ROpenSci offers nice R language bindings for the PLOS (I’m more used to PLoS but I’ll go with it) API, called rplos. There’s no particular reason to limit the search to PLOS journals but rplos seems significantly more straightforward to work with than pubmed API packages I’ve used in the past like RISmed.

Additionally the PLOS group contains two journals of particular interest to me:

  • PLOS Computational Biology — a respectable specialist journal in my field; have bioinformatics articles been particularly susceptible to author inflation?
  • PLOS ONE — the original mega-journal. I wonder if the huge number of articles published here show different trends in authorship over time.

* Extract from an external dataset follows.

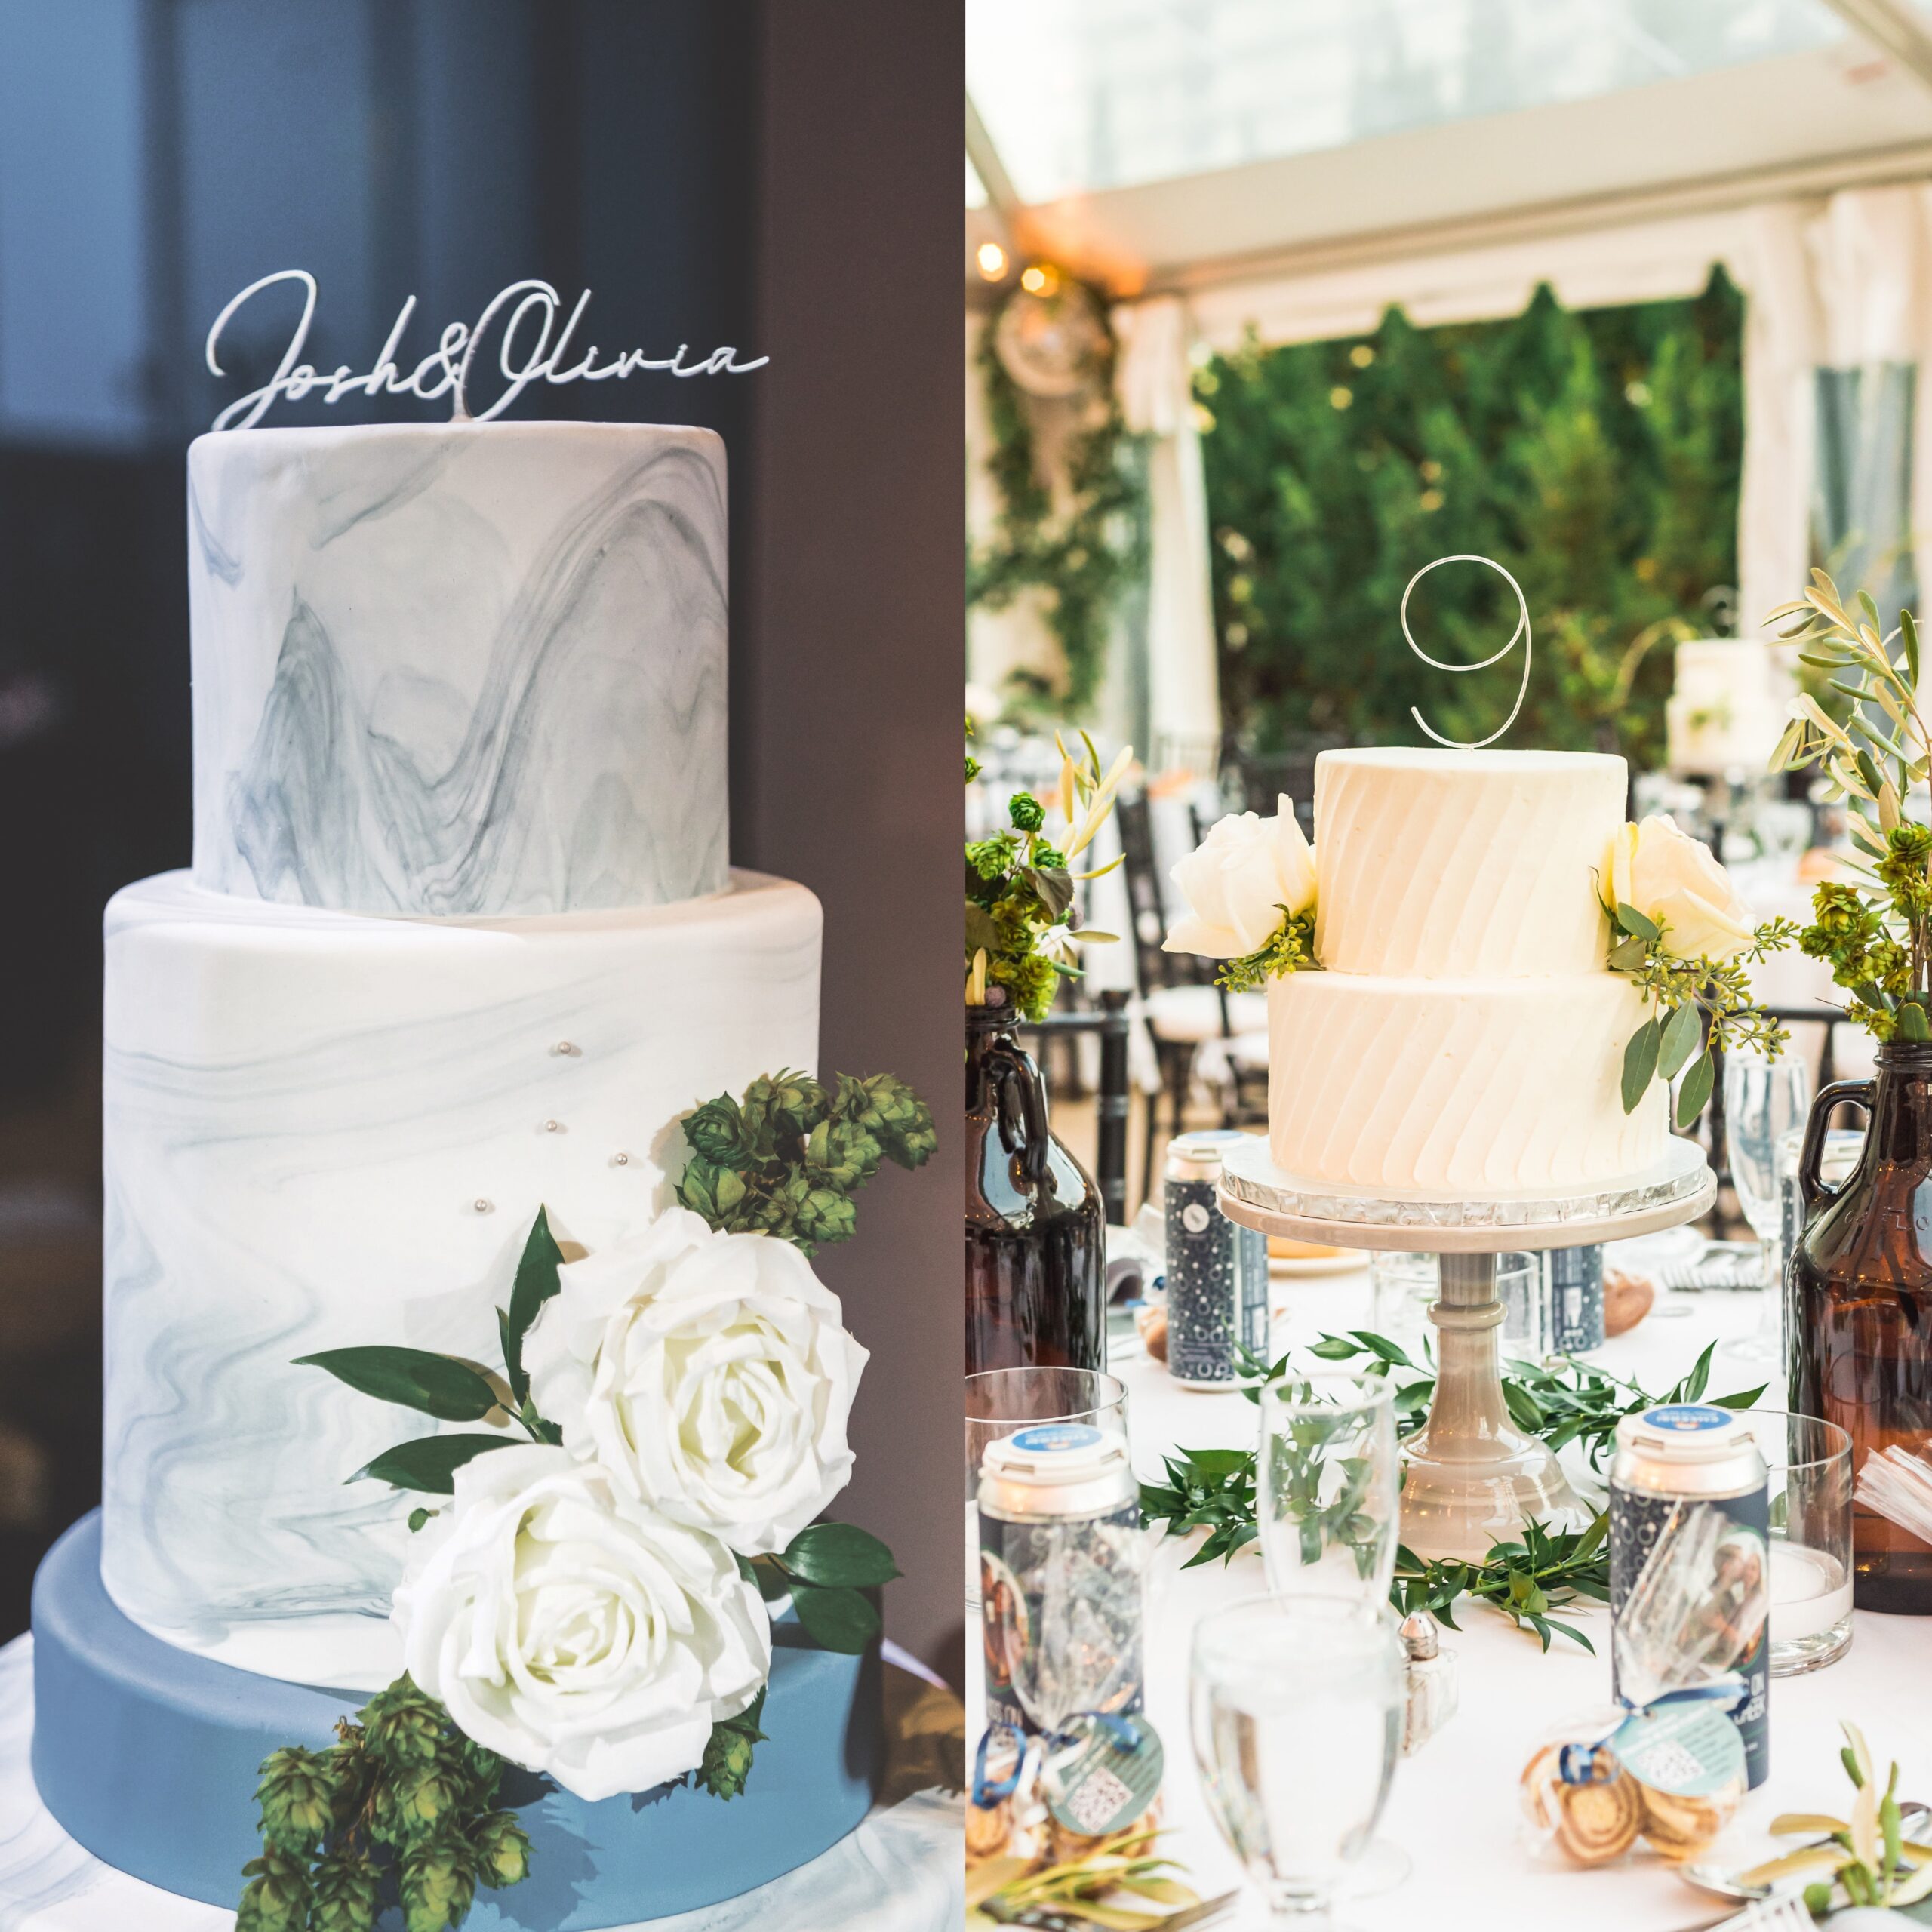 Wedding cakes by Chocolate Carousel

The only strange part of the search was at the PLOS API end. To search by the publication_year field you need to supply both a beginning and end date range, in the form:

publication_date:[2001-01-01T00:00:00Z TO 2013-12-31T23:59:59Z]

A tad verbose, right? I can’t imagine wanting to search for things published at a particular time of day. A full PLOS API query using the rplos package looks something like this:

searchplos(
  # Query: publication date in 2012
  q  = 'publication_date:[2012-01-01T00:00:00Z TO 2012-12-31T23:59:59Z]', 

  # Fields to return: id (doi) and author list
  fl = "id,author", 

  # Filter: only actual articles in journal PLOS ONE
  fq = list("doc_type:full",
            "cross_published_journal_key:PLoSONE"), 

  # 500 results (max 1000 per query)
  start=0, limit=500, sleep=6)

A downside of using the PLOS API is that the set of journals are quite recent, PLOS ONE started in 2006 and PLOS Biology was only a few years before in 2003, so it’ll only give us a limited window into any long-term trends.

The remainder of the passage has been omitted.